Click HERE for more information on the Geological Association of Canada.

Portrait of Elkanah Billings GSC photo 69323 (c)

Monday, May 03, 2010

Nopcsa's Sauropod Dwarfs

Small body size and extreme cortical bone remodeling indicate phyletic dwarfism in Magyarosaurus dacus (Sauropoda: Titanosauria). 2010. K. Stein, et al. PNAS, Published online before print April 30.


Illo: Mihai Dumbrava, liliensternus.deviantart.com
In 1895, the sister of a eccentric palaeontologist Franz Baron Nopcsa discovered small dinosaur bones on their family estate in Transylvania. Nopcsa interpreted these as the remains of dwarfed animals that had once lived on an island. Among these finds were a number of bones belonging to a sauropod dinosaur which Nopcsa named Magyarosaurus dacus, after his native country. New research on the microanatomy of these bones prove that the little dinosaur was fully grown.

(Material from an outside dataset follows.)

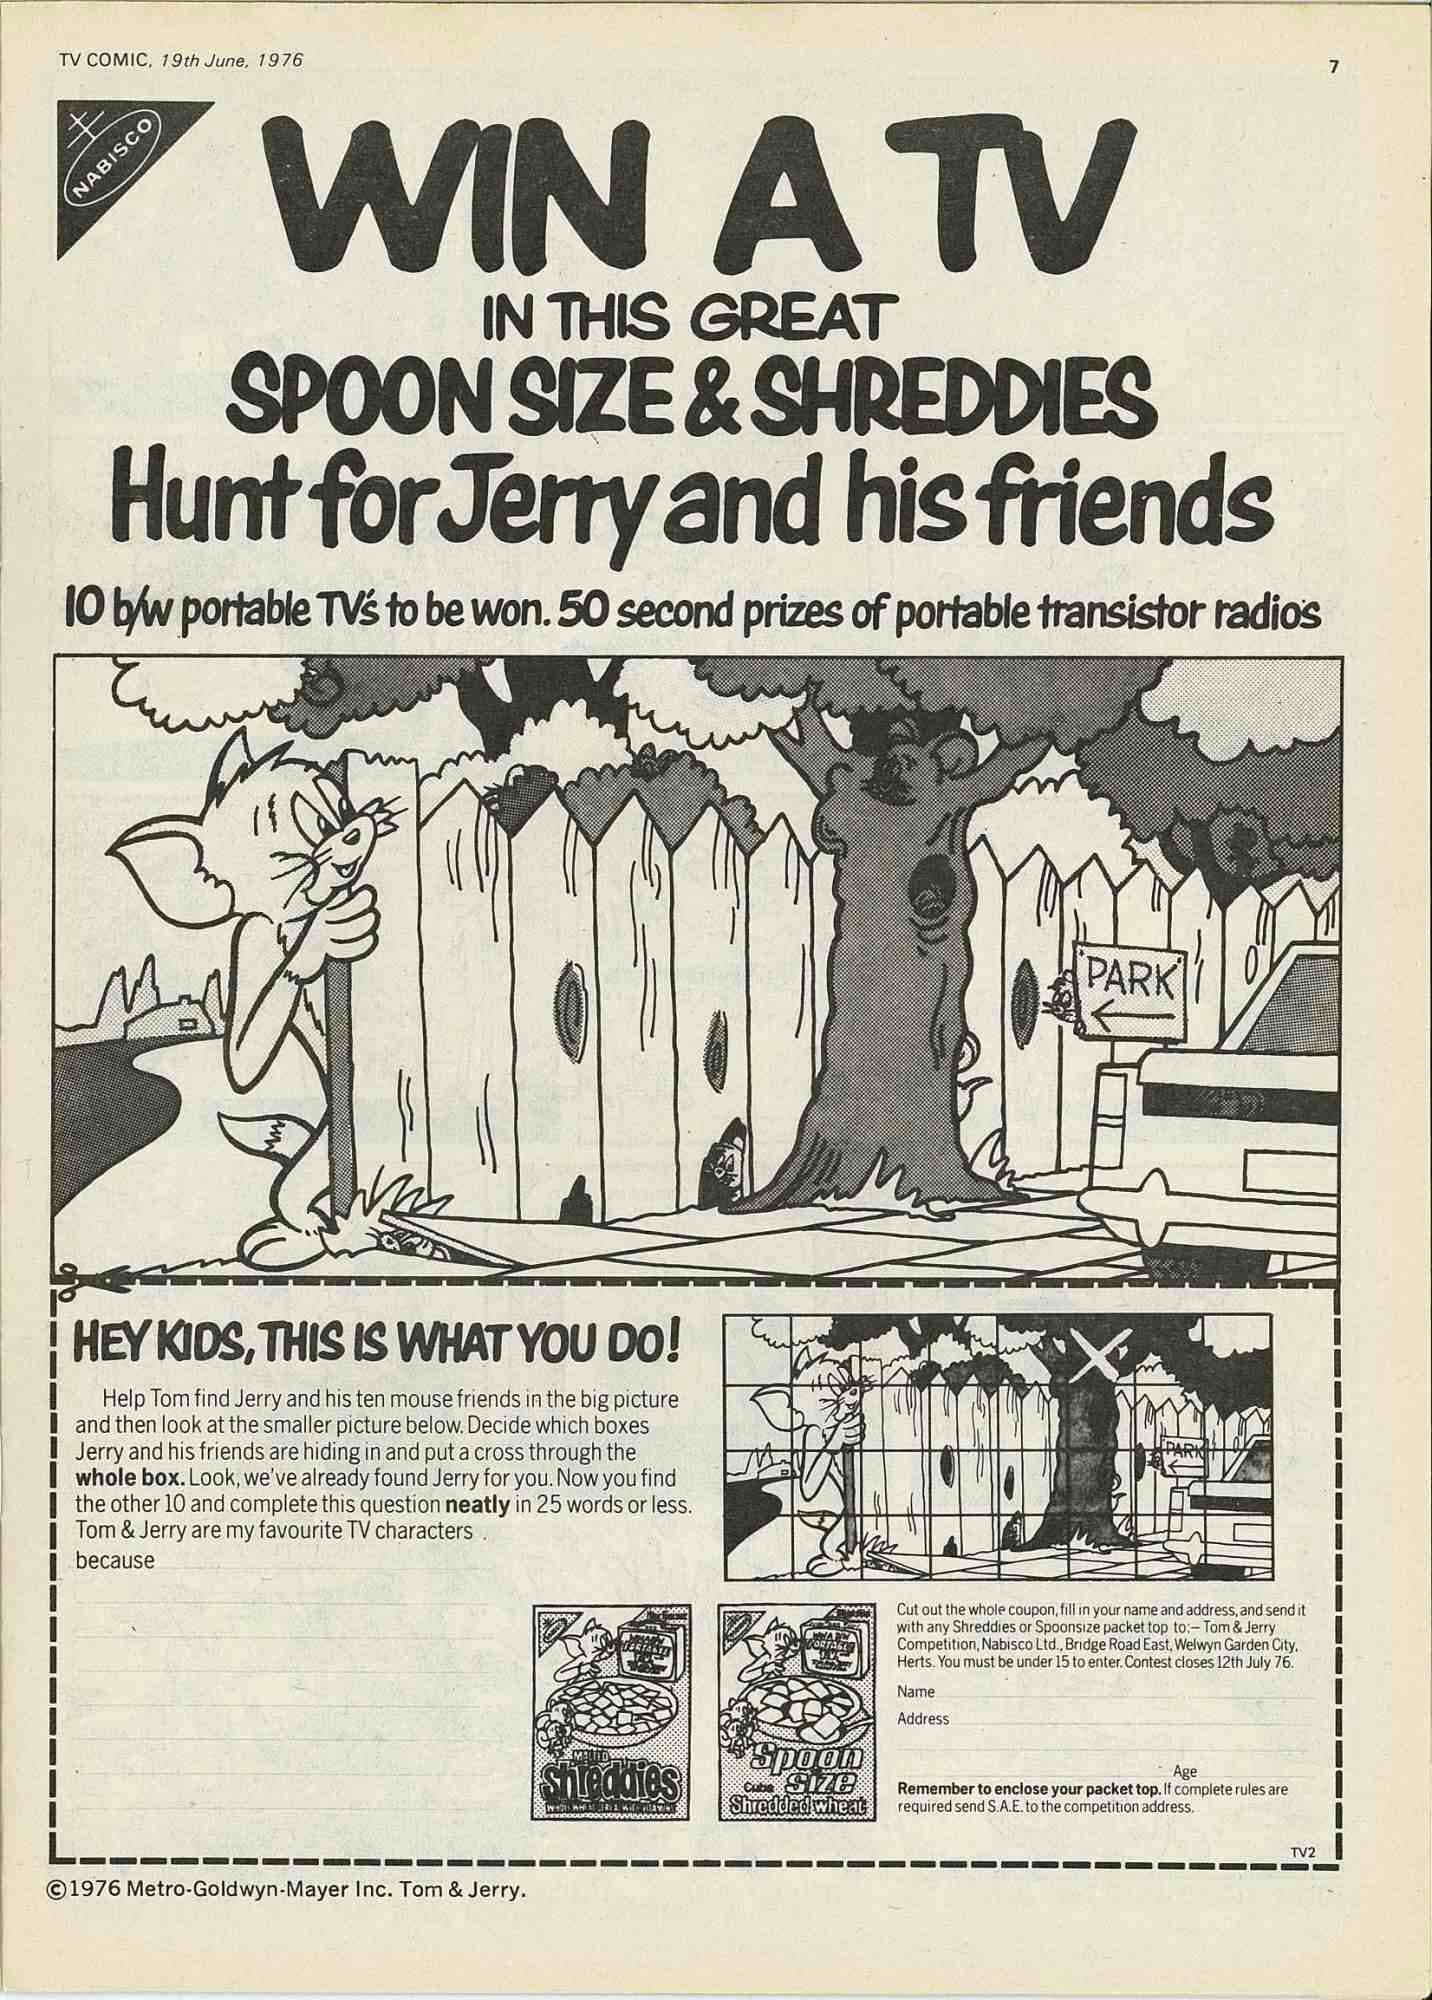 1976 Shreddies TV Competition

"Our study shows that dinosaurs on islands were subject to the same ecological and evolutionary processes that shape modern mammals," explains Martin Sander. "We were also able to demonstrate that the bigger bones found in that area belong to a different dinosaur species." Whether they come from stray animals who swam to the island from the mainland, or from large ancestors of the dwarf Magyarosaurus, remains a secret shrouded in the mists of pre-historic time. link

Sunday, May 02, 2010

Born This Day: Sir D'Arcy Thompson

From cscs.umich.edu:

D'Arcy Thompson (May 2, 1860 – June 21, 1948) was a British biologist whose masterwork, On Growth and Form, is a profound consideration of the shapes of living things, starting from the simple premise that "everything is the way it is because it got that way." Hence one must study not only finished forms, but also the forces that moulded them: "the form of an object is a 'diagram of forces', in this sense, at least, that from it we can judge of or deduce the forces that are acting or have acted upon it."

Now by "forces" Thompson meant forces, and one of his great themes is the tremendous light cast on living things by using mathematics to describe their shapes and fairly simple physics and chemistry to explain them. In other words, Thompson wrote a thousand page treatise on self-organization long before the word existed.
From Blackwell Publishing:
D'Arcy Thompson found that related species superficially looking very different could in some cases be represented as simple Cartesian transformations of one another. The most thoroughly worked out modern example of this is Raup's analysis of snail shell shapes with a morphospace.

With some simplification, the axes on the fish grids in here or the snails of the morphospace can be thought of as growth gradients. The evolutionary change between the species would then have been produced by a genetic change in the regulatory mechanisms controlling those gradients.

If we looked at these fish without the grids we might think that an evolutionary change from one into the other would be at least moderately complicated. The interest of D'Arcy Thompson's diagrams is then to show that shape changes could have been produced by heterochrony - a change in the rate or timing of development of some cell lines in the body relative to others.


Figure: a D'Arcy Thompson transformational diagram. The shapes of two species of fish have been plotted on Cartesian grids. Image from HERE.

Saturday, May 01, 2010

Published This Day: Species Plantarum by Linnaeus

In 1753, Carolus Linnaeus published the first edition of his Species Plantarum in which he gave systematic names to plants that are still in use today. He was the first to frame principles for defining genera and species of organisms and to create a uniform system for naming them. He is often called the father of classification, and he extended the familiar scheme of dual Latin names to identify animals in 1758. The Species Plantarum was taken by international consent in 1905 as the starting point for modern botanical nomenclature. From Today In Science History.